WHAT TO PRODUCE — Going down the listing below, print exactly each line from the one with "Jul. 07, 1972" up to and including the one with "isweven unisex navy", and skip the rest.

RAW DATA —
..........
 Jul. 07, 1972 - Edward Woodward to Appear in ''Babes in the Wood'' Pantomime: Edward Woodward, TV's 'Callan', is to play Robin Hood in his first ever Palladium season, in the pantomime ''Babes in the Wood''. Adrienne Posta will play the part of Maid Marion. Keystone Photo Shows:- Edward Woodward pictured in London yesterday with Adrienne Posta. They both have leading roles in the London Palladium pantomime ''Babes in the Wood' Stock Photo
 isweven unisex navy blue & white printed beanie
..........
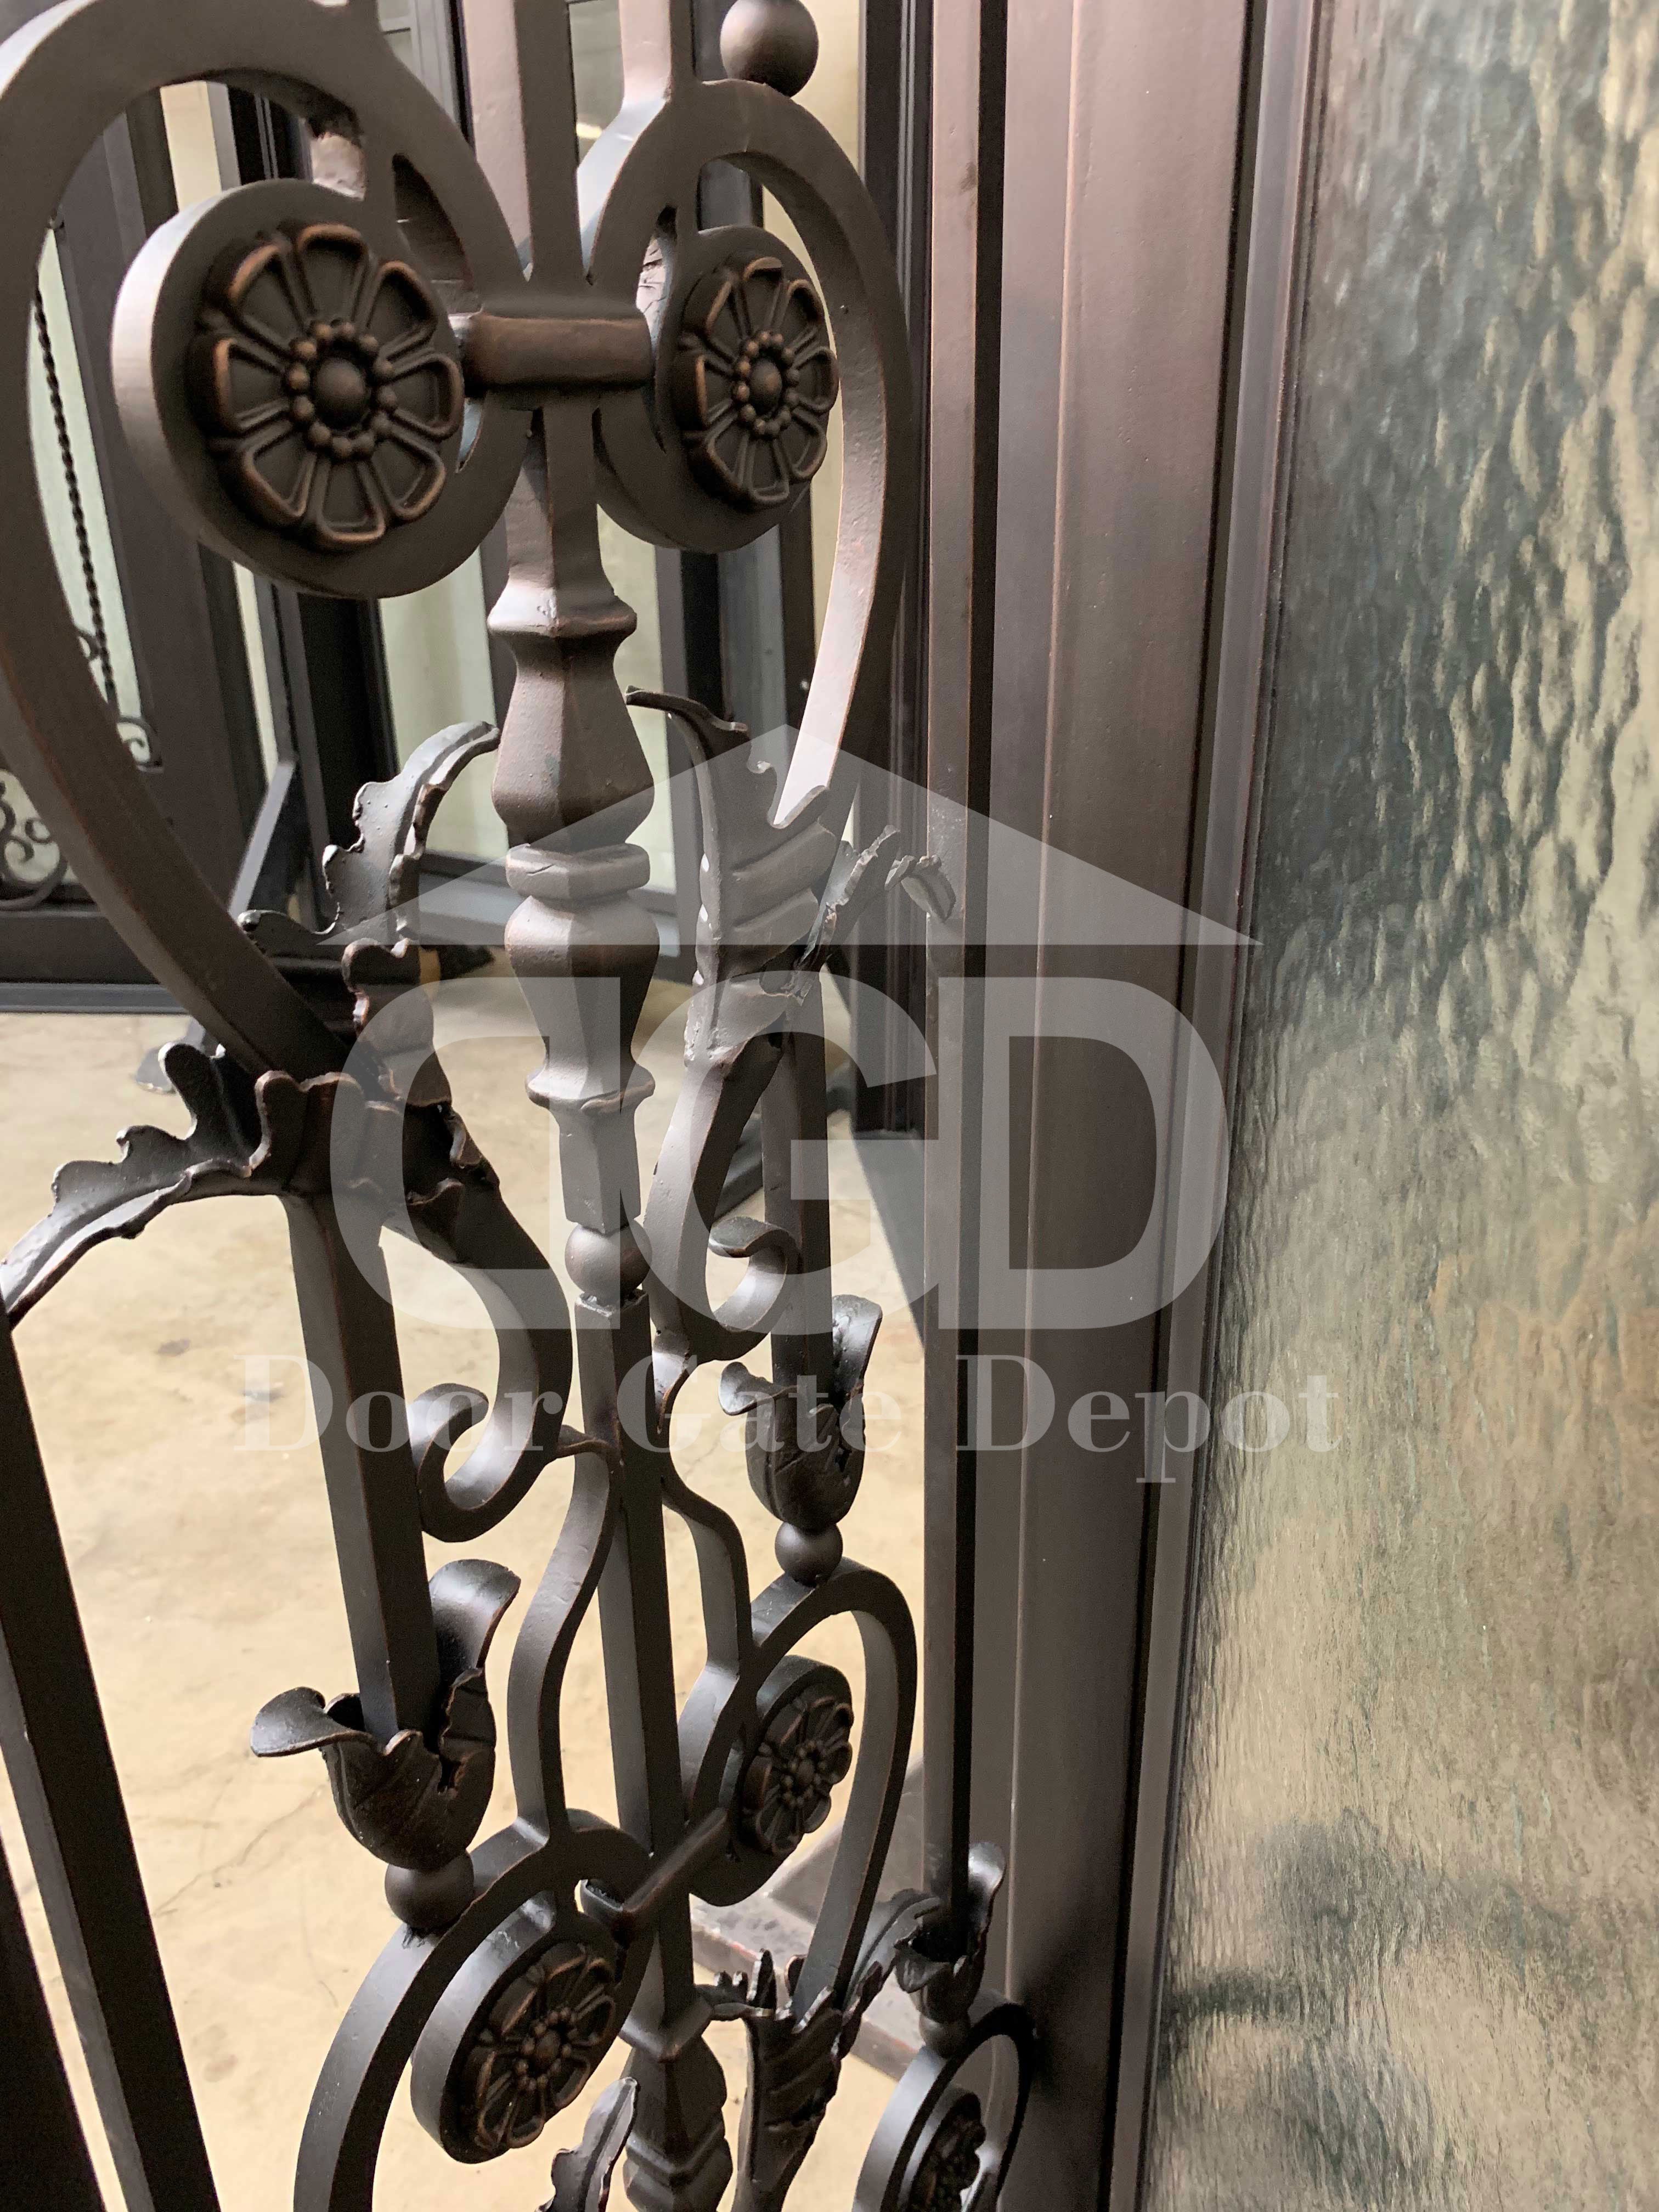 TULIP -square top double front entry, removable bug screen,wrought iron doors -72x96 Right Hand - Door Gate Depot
..........
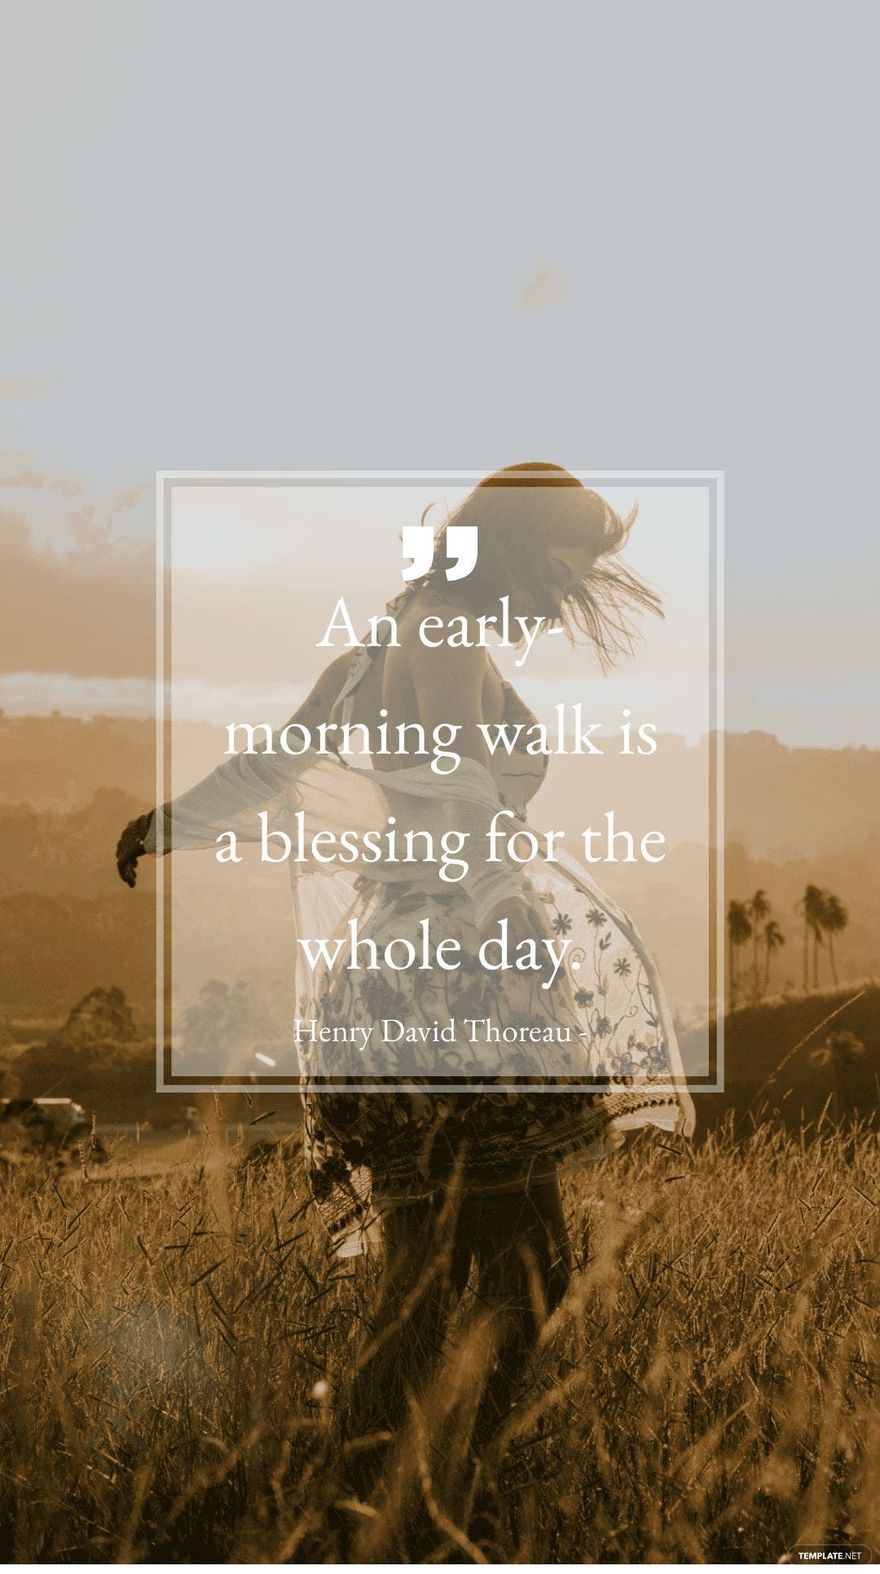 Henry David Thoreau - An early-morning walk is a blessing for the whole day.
..........
TASK OUTPUT —
 Jul. 07, 1972 - Edward Woodward to Appear in ''Babes in the Wood'' Pantomime: Edward Woodward, TV's 'Callan', is to play Robin Hood in his first ever Palladium season, in the pantomime ''Babes in the Wood''. Adrienne Posta will play the part of Maid Marion. Keystone Photo Shows:- Edward Woodward pictured in London yesterday with Adrienne Posta. They both have leading roles in the London Palladium pantomime ''Babes in the Wood' Stock Photo
 isweven unisex navy blue & white printed beanie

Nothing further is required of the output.